Pharmacodynamics of Isoflupredone acetate in an endotoxin-induced mastitis model

J Dairy Sci 2003 Mar;86(3):792-8.PMID:12703615DOI:10.3168/jds.S0022-0302(03)73661-3.

The effect of intravenous administration of the steroidal drug Isoflupredone acetate on lactating dairy cows with mastitis induced using gram-negative bacterial endotoxin was investigated. Cows were randomly assigned to one of four treatment groups: untreated controls, Isoflupredone acetate only, mastitis only, and mastitis plus Isoflupredone acetate. Isoflupredone acetate was given to treated groups at a dose of 20 mg intravenously, once. Mastitic cows receiving treatment were given Isoflupredone acetate after the development of clinical signs. When compared with untreated mastitic controls, cows with endotoxin-induced mastitis treated with Isoflupredone acetate did not exhibit measurable differences in heart rate, rectal temperature, rumen motility, or changes in mammary gland surface area in the 14 h following the administration of intramammary endotoxin. Healthy cows treated with Isoflupredone acetate had a higher heart rate over the 14 h after drug administration than did untreated healthy controls. When compared with untreated mastitic controls, cows treated with Isoflupredone acetate did not exhibit statistically significant differences in milk production following endotoxin-induced mastitis.

Effect of Isoflupredone acetate with or without insulin on energy metabolism, reproduction, milk production, and health in dairy cows in early lactation

J Dairy Sci 2007 Sep;90(9):4181-91.PMID:17699036DOI:10.3168/jds.2006-897.
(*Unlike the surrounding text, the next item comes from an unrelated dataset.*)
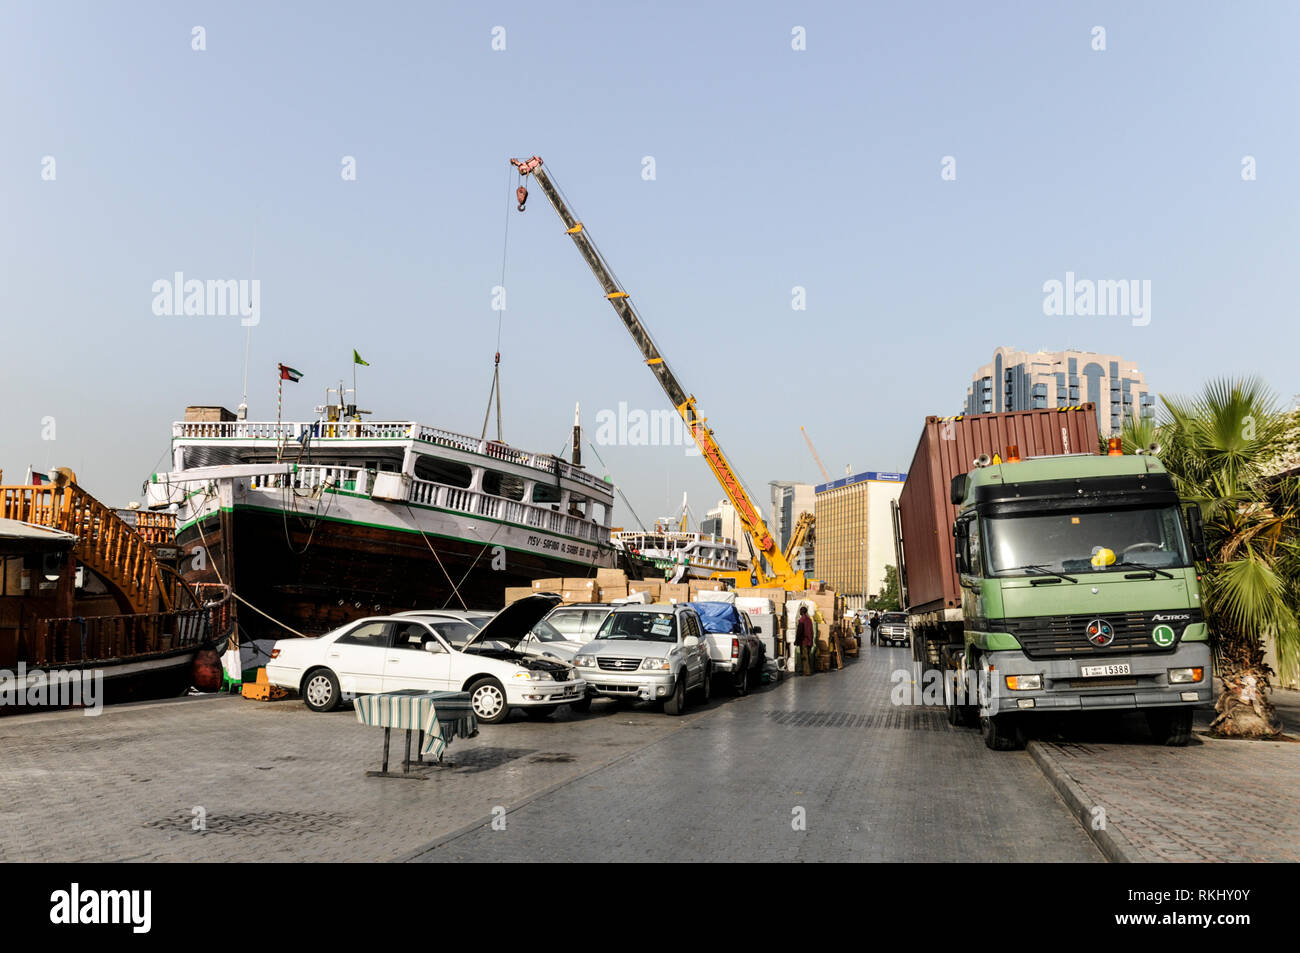 Une scène mouvementée sur le quai de la Crique de Dubaï.. Dows étant chargés de marchandises et de voitures pour les ports du golfe, l'Inde et l'Afrique de l'Est. Rendez-vous sur l'océan Banque D'Images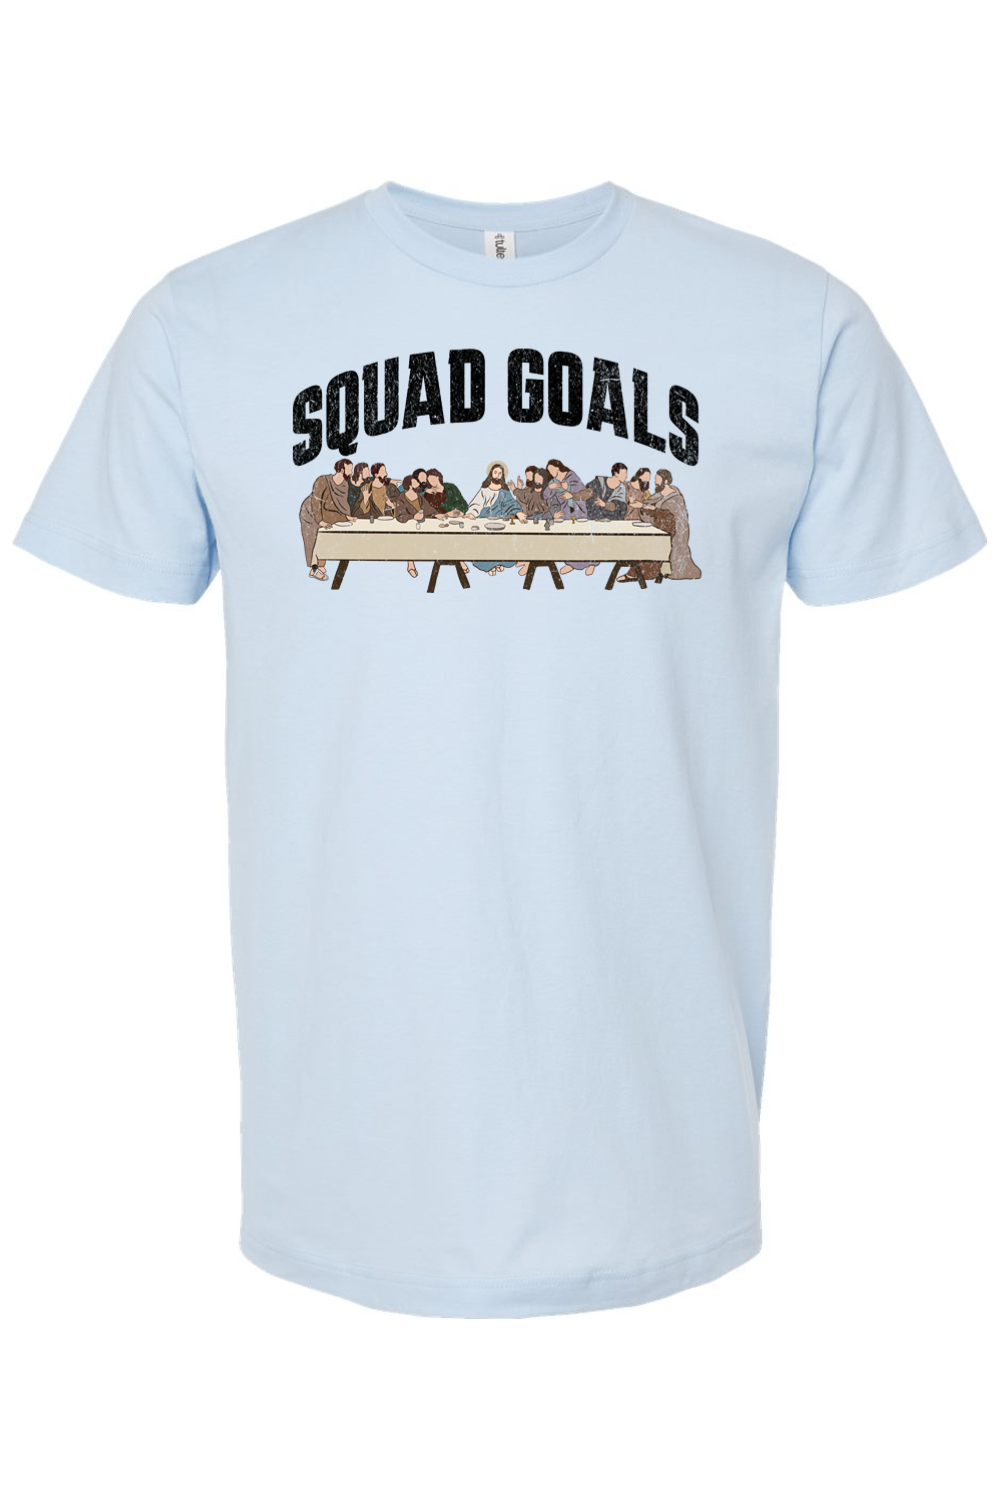 Squad Goals (Last Supper) - T-Shirt

Glucocorticoids are commonly used to treat cows with clinical ketosis and fatty liver disease, but their use is controversial. The objectives of the present study were to investigate the effects of Isoflupredone acetate alone or with insulin on the energy metabolism of dairy cows in early lactation in a large double-blind, randomized clinical trial. A total of 1,162 Holstein cows and first-lactation heifers were randomly assigned to receive 1 of 3 treatments between the day of parturition and 8 DIM: group A, 20-mg i.m. injection of Isoflupredone and 100 units of insulin; group B, 20-mg i.m. injection of Isoflupredone; group C (control group), 10-mL i.m. injection of sterile water. Treatments were randomized across 24 dairy farms located near Guelph, Ontario, Canada. Serum samples obtained at the time of treatment and at wk 1 and 2 following treatment were analyzed for beta-hydroxybutyrate, nonesterified fatty acids, glucose, calcium, potassium, sodium, and chloride. Cows were assigned a body condition score at the time of enrollment. Data were analyzed using a repeated-measures mixed model that accounted for the effects of parity and body condition score, and the random effects of cow and farm. Cows that received Isoflupredone with insulin and Isoflupredone alone had higher beta-hydroxybutyrate and nonesterified fatty acid concentrations 1 wk after treatment compared with control cows. Cows that received Isoflupredone acetate plus insulin had lower glucose concentrations at 1 wk after treatment. Calcium concentrations 1 wk after treatment were lower for cows that received Isoflupredone and insulin or Isoflupredone only compared with control cows. Serum sodium, potassium, and chloride concentrations were not influenced by treatment. The effect of treatment on the proportion of cows with subclinical ketosis was evaluated with a logistic regression model. Over the 2 wk following treatment, a significant increase in the prevalence of subclinical ketosis was observed in the Isoflupredone plus insulin group relative to the control group. Among 972 cows that were not ketotic at enrollment, cows that received Isoflupredone acetate plus insulin or Isoflupredone acetate only were, respectively, 1.72 and 1.59 times more likely than control cows to develop subclinical ketosis 1 wk after treatment. There were no treatment effects on test-day milk production, milk fat and protein percentages, or the intervals from calving to first insemination or pregnancy.